= Walter Bishop Sr. =

Jamaican-American drummer, composer and songwriter (1905–1984)

Walter Bishop Sr. (January 9, 1905 - January 8, 1984) was a Jamaican-American drummer, composer and songwriter. Bishop was born in Jamaica, but emigrated to the United States prior to beginning his professional career. He and his family lived in the Sugar Hill district of the Harlem neighborhood of Upper Manhattan.

Bishop played drums on recordings by pianist Alex Hill and trumpeter Jabbo Smith during the 1920s and 1930s. His song "Swing, Brother, Swing" was recorded by Billie Holiday with Count Basie, among other performers.
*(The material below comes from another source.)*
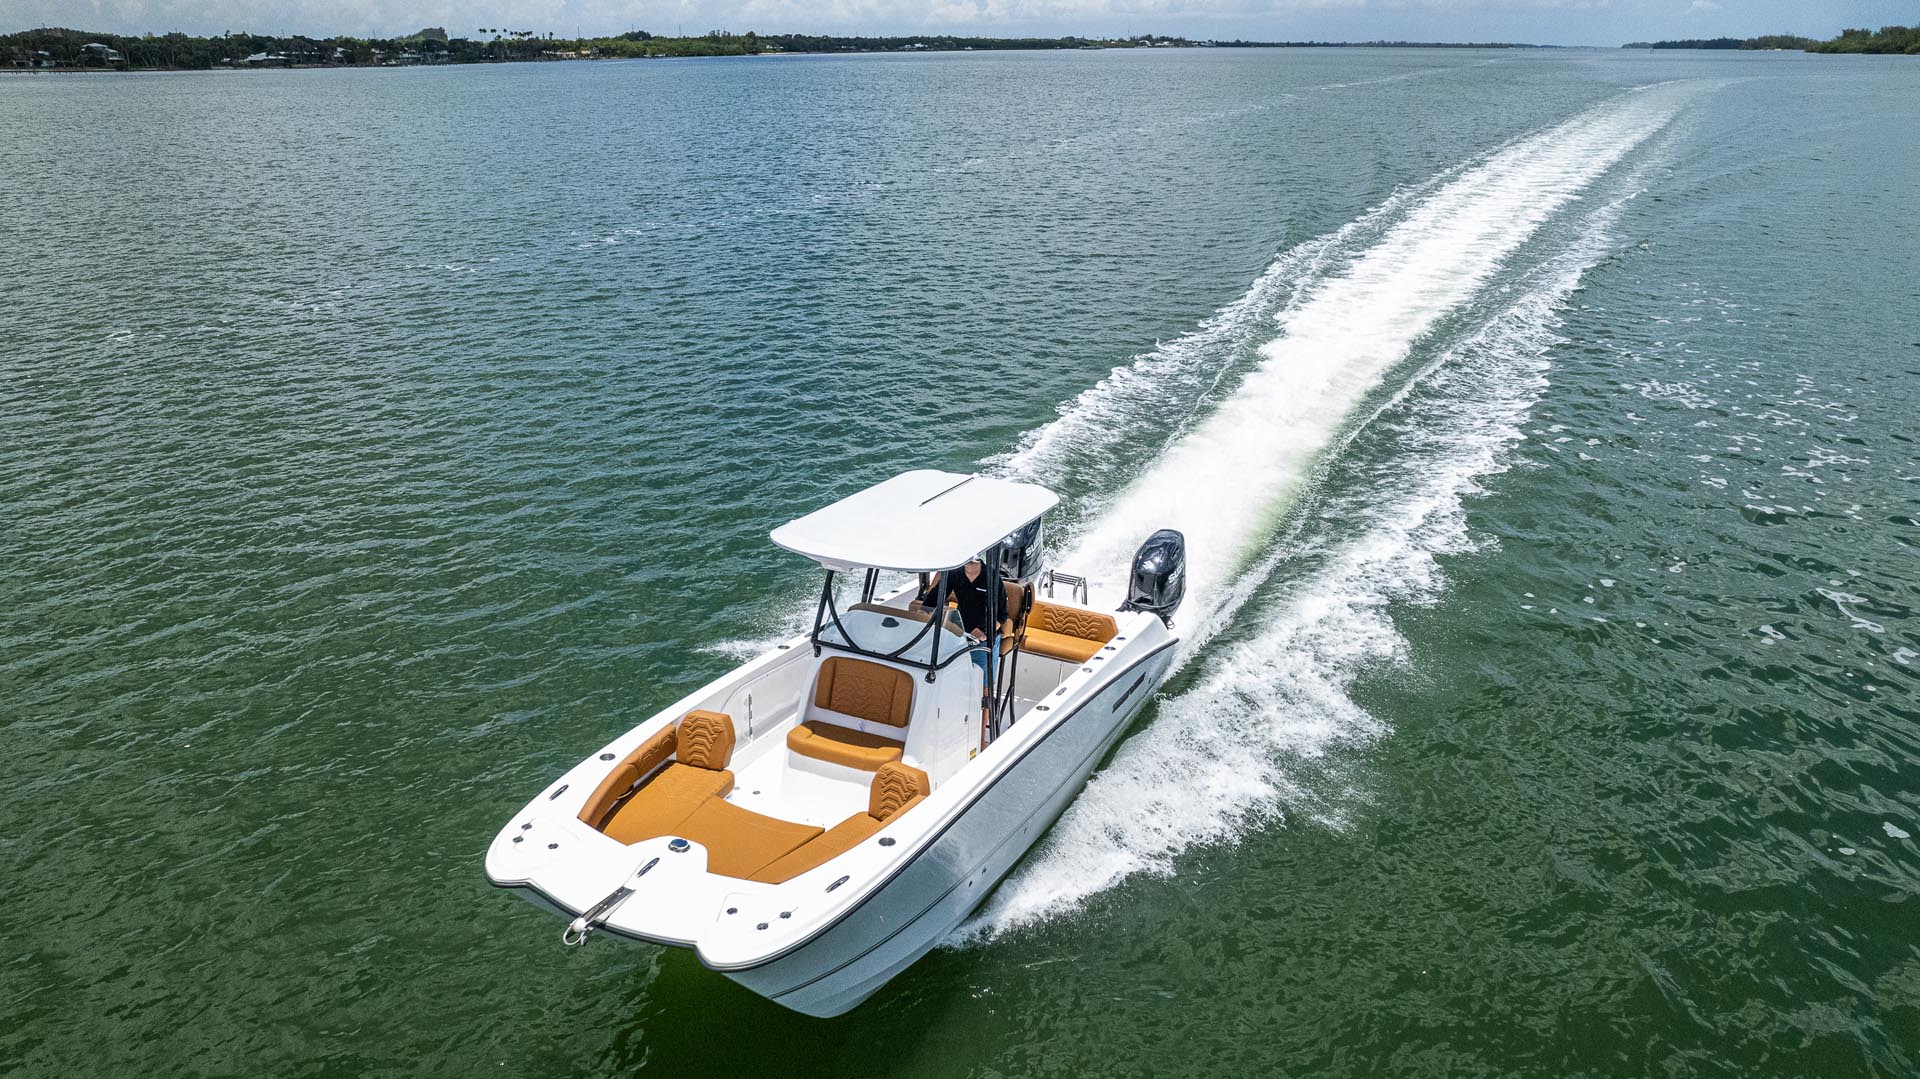 First Look – Twin Vee 240 Center Console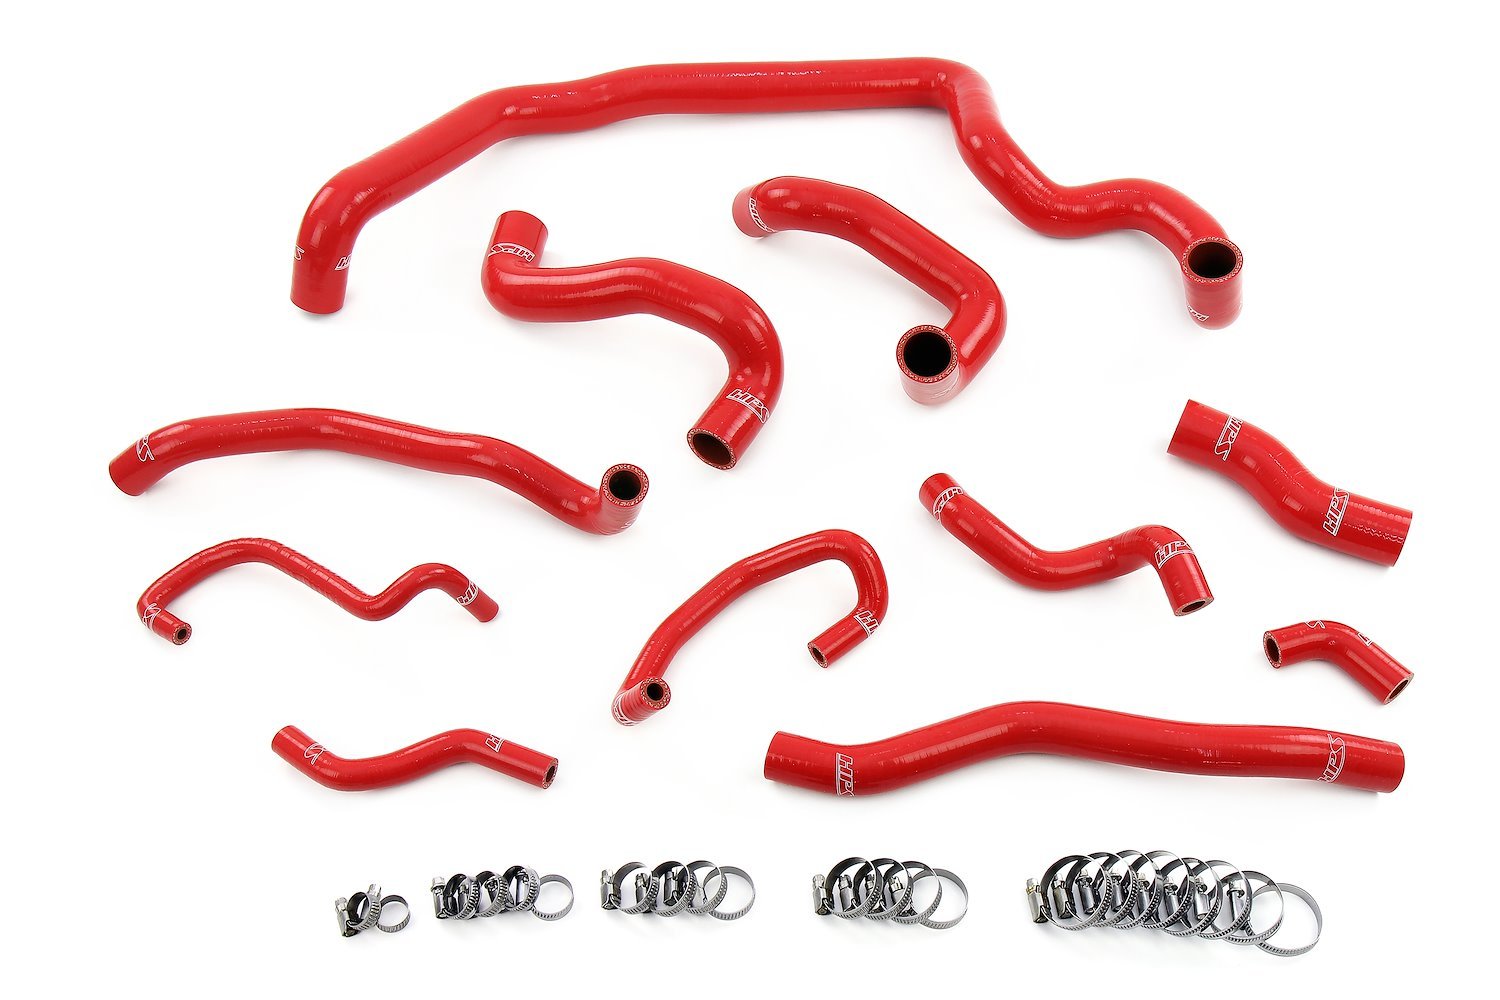 57-1995-RED Coolant Hose Kit, 3-Ply Reinforced Silicone Hoses, For Radiator, Heater, Water Pump, Expansion Tank

Other songs written by Bishop include "Jack, You're Dead," which was a #1 R&B hit in 1947 as recorded by Louis Jordan, "The Stuff is Here (and It's Mellow)," and "Bop! Goes My Heart," which was recorded by Frank Sinatra. His song "My Baby Likes to Bebop" was recorded by Ella Fitzgerald, and by Nat "King" Cole with Johnny Mercer, and his calypso "Sex is a Misdemeanor" was recorded by Vanessa Rubin.

He was the father of American jazz pianist Walter Bishop Jr.